Edwards v Vannoy is a United States Supreme Court case involving the Court's prior decision in Ramos v Louisiana, (2020), which had ruled that jury verdicts in criminal trials must be unanimous under the Sixth Amendment to the U.S. Constitution. The Supreme Court ruled 6–3 that Ramos did not apply retroactively to earlier cases prior to their verdict in Ramos.

Background.

Under the Sixth Amendment to the U.S. Constitution, a person accused of criminal charges must be tried by a jury. Federal laws required the jury to come to a unanimous decision to achieve conviction, but states had been free to adapt their own requirements for conviction based on the 1972 case Apodaca v Oregon. All but two states adopted the same unanimous jury conviction requirements as federal law; only Louisiana and Oregon allowed for majority jury votes to convict, as well as the Puerto Rico territory. In 2019, Louisiana altered its laws to require a unanimous jury conviction.

Ramos v Louisiana was brought to the Supreme Court to challenge the Louisiana jury-majority conviction law prior to its change on the basis it was a Jim Crow law that allowed for racial discrimination. The Supreme Court ruled in a 6–3 decision in Ramos that the Sixth Amendment was an incorporated right to the states, and that the Louisiana and Oregon allowance for non-unanimous jury convictions was unconstitutional, overturning the Apodaca v Oregon ruling. The decision had split across the typical ideological lines of the Justices, with Chief Justice John Roberts and Justices Samuel Alito and Elana Kagan dissenting.

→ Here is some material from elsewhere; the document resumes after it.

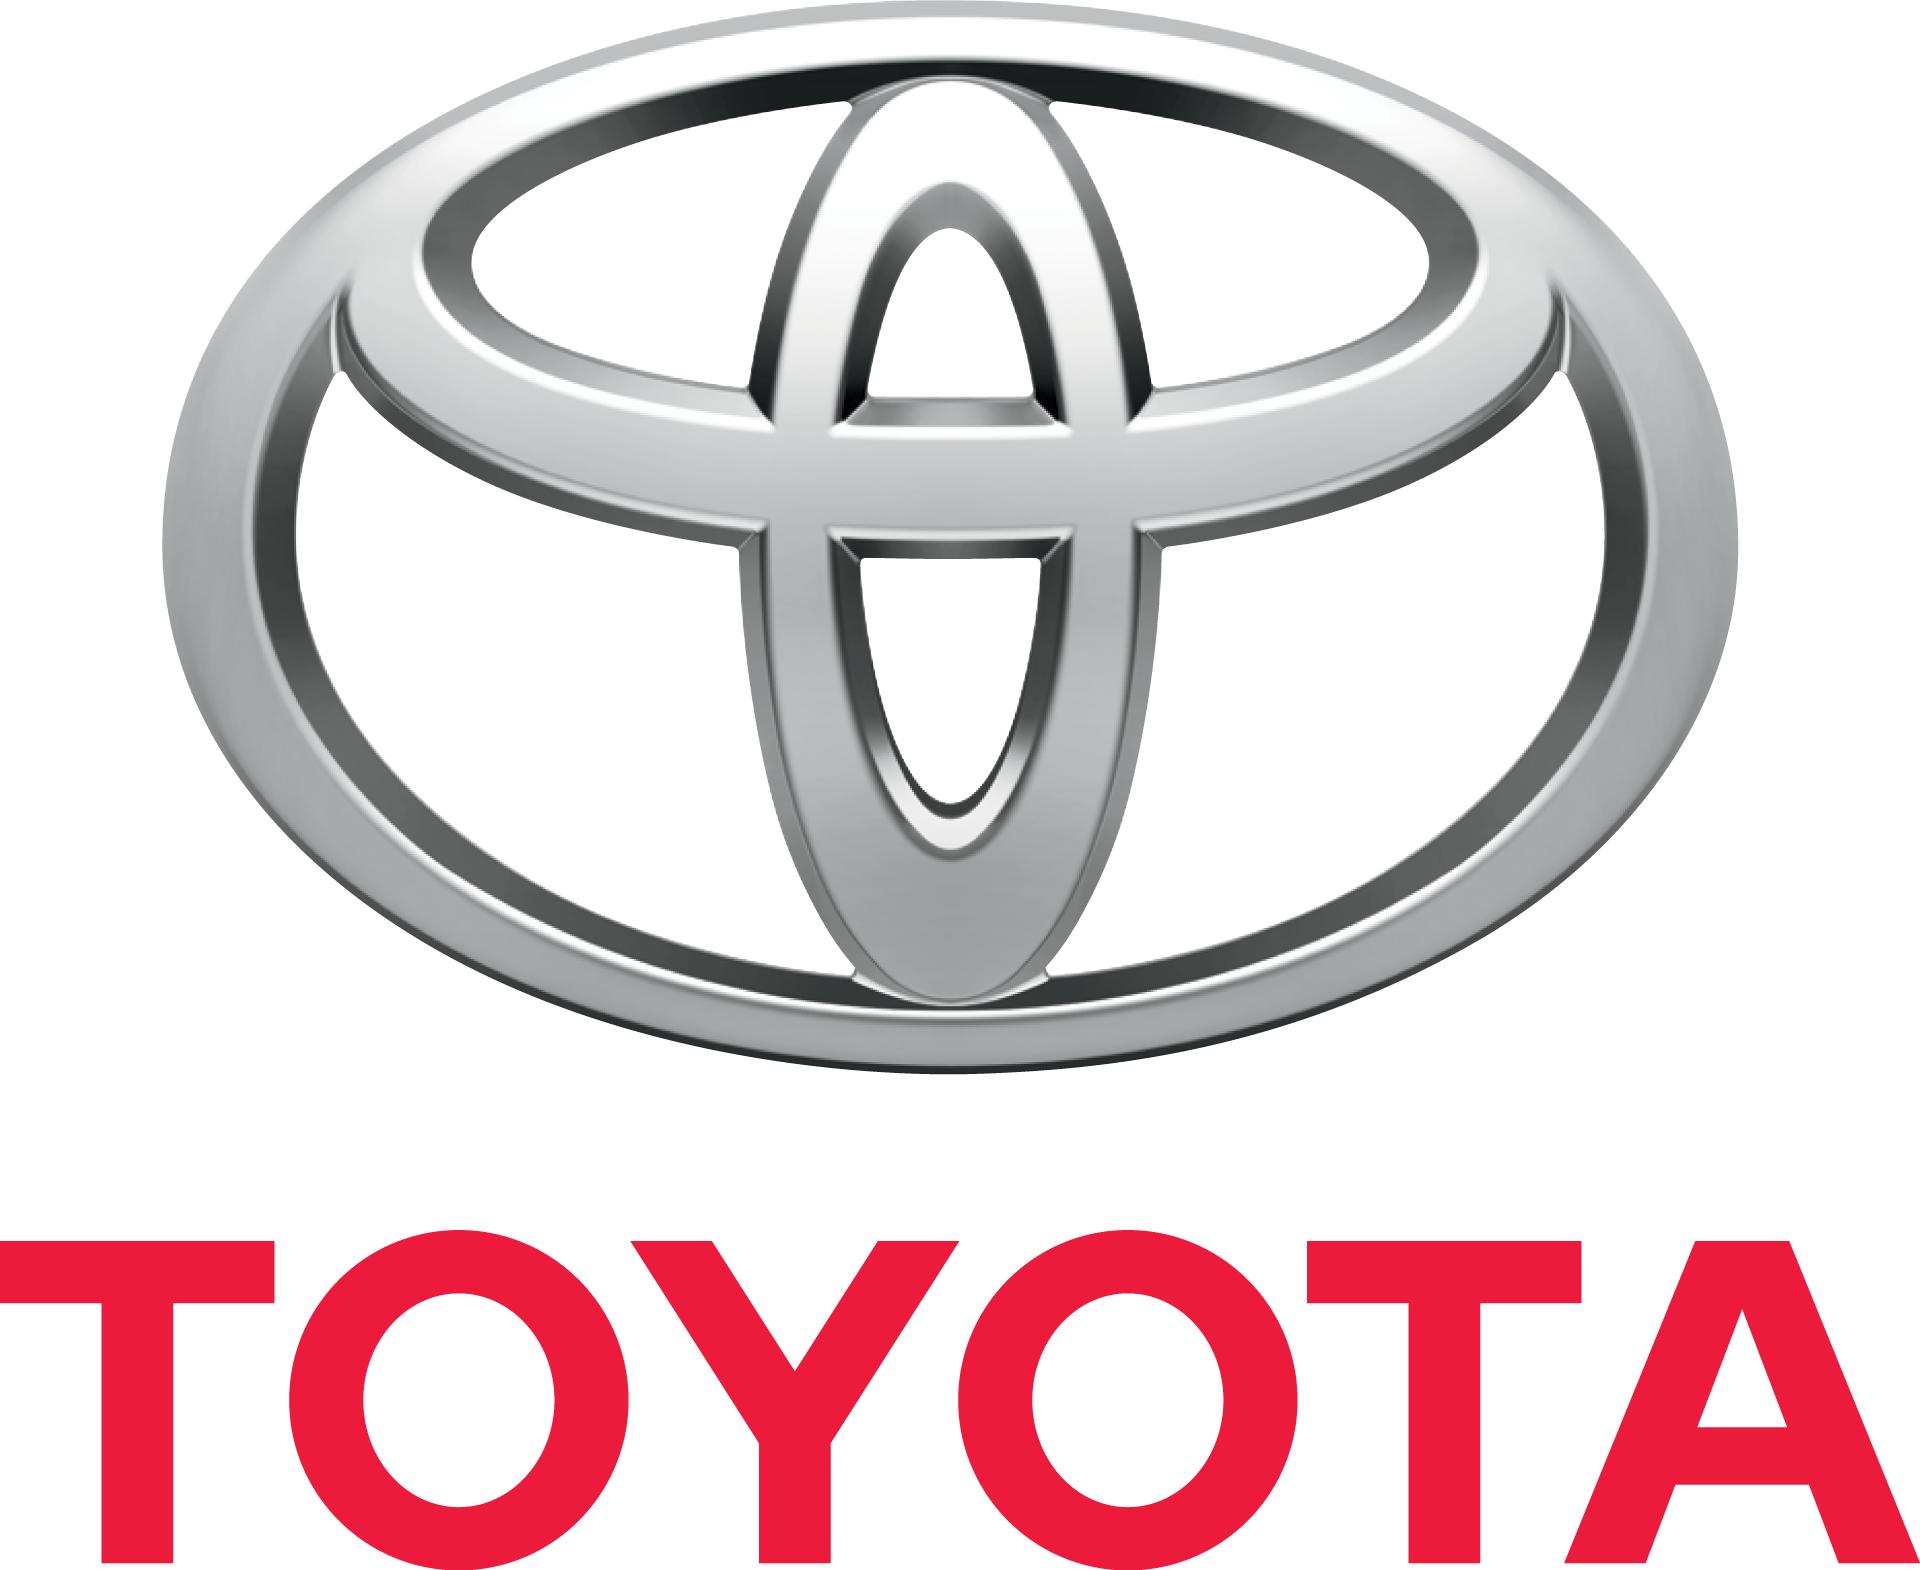 toyota logo - Google Search | car brands | Toyota symbol ...

In the present case, Thedrick Edwards was an African American that was convicted in 2007 in Louisiana on charges of rape, armed robbery, and kidnapping. The jury convictions were all non-unanimous, and Edwards had claimed that the state had manipulated jury selection to minimize the minority representation on the jury; the lone black juror had voted against any convictions. Edwards had spent the intervening years challenging his conviction on the basis that Louisiana's non-unanimous jury conviction laws were unconstitutional and had petitioned to the Supreme Court prior to their Ramos decision on the same questions that Ramos had presented. Upon the Ramos ruling in April 2020, Edwards changed his petition to the Court to ask whether the Ramos decision should apply retroactively.